Problem to work on:
The answer must be exactly the lines from the one containing "I'm A Cataholic - Long Sleeve T Shirt." through the end of the material, with both ends kept and no other lines.

Extracted records:
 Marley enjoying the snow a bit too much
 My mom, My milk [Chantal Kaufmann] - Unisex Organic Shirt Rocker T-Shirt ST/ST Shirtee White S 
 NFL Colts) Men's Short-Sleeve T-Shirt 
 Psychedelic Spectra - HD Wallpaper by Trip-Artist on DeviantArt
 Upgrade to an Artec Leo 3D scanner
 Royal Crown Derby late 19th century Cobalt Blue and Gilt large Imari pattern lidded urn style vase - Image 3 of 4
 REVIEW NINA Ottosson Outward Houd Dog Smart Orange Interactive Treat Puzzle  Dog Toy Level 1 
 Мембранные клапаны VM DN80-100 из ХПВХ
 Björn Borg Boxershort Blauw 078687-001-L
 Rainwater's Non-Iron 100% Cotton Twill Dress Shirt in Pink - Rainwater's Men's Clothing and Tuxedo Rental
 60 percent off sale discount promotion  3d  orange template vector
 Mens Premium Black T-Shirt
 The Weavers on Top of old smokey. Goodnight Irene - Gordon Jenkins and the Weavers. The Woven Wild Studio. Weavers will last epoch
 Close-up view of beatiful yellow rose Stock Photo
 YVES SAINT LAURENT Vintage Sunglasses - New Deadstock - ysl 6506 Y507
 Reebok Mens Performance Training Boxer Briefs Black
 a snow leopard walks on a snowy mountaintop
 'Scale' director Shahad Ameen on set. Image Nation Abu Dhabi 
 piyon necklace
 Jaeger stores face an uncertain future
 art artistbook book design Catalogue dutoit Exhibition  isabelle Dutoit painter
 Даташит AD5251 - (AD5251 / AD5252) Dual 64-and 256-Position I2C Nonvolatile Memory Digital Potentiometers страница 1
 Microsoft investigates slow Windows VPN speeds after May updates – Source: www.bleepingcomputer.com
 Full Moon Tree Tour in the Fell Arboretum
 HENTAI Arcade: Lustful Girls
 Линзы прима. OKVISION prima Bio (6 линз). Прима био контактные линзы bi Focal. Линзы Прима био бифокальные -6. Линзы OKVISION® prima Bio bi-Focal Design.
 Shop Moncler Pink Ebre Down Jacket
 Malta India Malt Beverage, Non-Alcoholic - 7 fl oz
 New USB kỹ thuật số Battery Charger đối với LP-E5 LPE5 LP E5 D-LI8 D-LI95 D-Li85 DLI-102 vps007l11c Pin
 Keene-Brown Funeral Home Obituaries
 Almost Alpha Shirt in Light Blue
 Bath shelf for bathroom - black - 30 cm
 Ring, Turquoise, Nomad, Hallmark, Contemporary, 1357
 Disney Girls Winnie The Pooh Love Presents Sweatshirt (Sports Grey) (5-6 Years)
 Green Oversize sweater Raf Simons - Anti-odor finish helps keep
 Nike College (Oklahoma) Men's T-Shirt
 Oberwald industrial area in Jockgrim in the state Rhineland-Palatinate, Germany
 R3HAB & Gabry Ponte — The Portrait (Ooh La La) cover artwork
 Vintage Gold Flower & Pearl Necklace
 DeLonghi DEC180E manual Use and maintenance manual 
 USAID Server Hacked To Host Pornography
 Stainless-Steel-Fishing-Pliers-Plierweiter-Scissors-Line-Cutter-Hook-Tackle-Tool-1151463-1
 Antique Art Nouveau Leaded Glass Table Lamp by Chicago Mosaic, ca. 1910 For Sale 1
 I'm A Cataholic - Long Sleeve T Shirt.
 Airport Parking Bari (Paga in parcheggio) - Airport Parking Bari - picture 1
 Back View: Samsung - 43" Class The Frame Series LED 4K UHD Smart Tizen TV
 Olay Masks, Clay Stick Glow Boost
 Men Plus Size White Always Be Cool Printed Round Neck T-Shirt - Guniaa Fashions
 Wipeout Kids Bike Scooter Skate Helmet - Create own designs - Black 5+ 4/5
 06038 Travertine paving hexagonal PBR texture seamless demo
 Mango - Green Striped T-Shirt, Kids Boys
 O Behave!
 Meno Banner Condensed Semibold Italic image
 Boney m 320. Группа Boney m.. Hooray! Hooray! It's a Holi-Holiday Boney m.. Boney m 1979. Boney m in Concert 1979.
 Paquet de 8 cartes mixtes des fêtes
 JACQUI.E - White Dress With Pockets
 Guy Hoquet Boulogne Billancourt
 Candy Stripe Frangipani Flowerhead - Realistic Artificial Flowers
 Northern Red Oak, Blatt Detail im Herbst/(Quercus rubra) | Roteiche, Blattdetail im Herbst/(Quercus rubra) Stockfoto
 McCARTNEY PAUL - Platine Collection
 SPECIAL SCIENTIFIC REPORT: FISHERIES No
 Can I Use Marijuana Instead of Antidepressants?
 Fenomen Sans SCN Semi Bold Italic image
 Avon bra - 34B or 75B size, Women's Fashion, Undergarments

Reply:
 I'm A Cataholic - Long Sleeve T Shirt.
 Airport Parking Bari (Paga in parcheggio) - Airport Parking Bari - picture 1
 Back View: Samsung - 43" Class The Frame Series LED 4K UHD Smart Tizen TV
 Olay Masks, Clay Stick Glow Boost
 Men Plus Size White Always Be Cool Printed Round Neck T-Shirt - Guniaa Fashions
 Wipeout Kids Bike Scooter Skate Helmet - Create own designs - Black 5+ 4/5
 06038 Travertine paving hexagonal PBR texture seamless demo
 Mango - Green Striped T-Shirt, Kids Boys
 O Behave!
 Meno Banner Condensed Semibold Italic image
 Boney m 320. Группа Boney m.. Hooray! Hooray! It's a Holi-Holiday Boney m.. Boney m 1979. Boney m in Concert 1979.
 Paquet de 8 cartes mixtes des fêtes
 JACQUI.E - White Dress With Pockets
 Guy Hoquet Boulogne Billancourt
 Candy Stripe Frangipani Flowerhead - Realistic Artificial Flowers
 Northern Red Oak, Blatt Detail im Herbst/(Quercus rubra) | Roteiche, Blattdetail im Herbst/(Quercus rubra) Stockfoto
 McCARTNEY PAUL - Platine Collection
 SPECIAL SCIENTIFIC REPORT: FISHERIES No
 Can I Use Marijuana Instead of Antidepressants?
 Fenomen Sans SCN Semi Bold Italic image
 Avon bra - 34B or 75B size, Women's Fashion, Undergarments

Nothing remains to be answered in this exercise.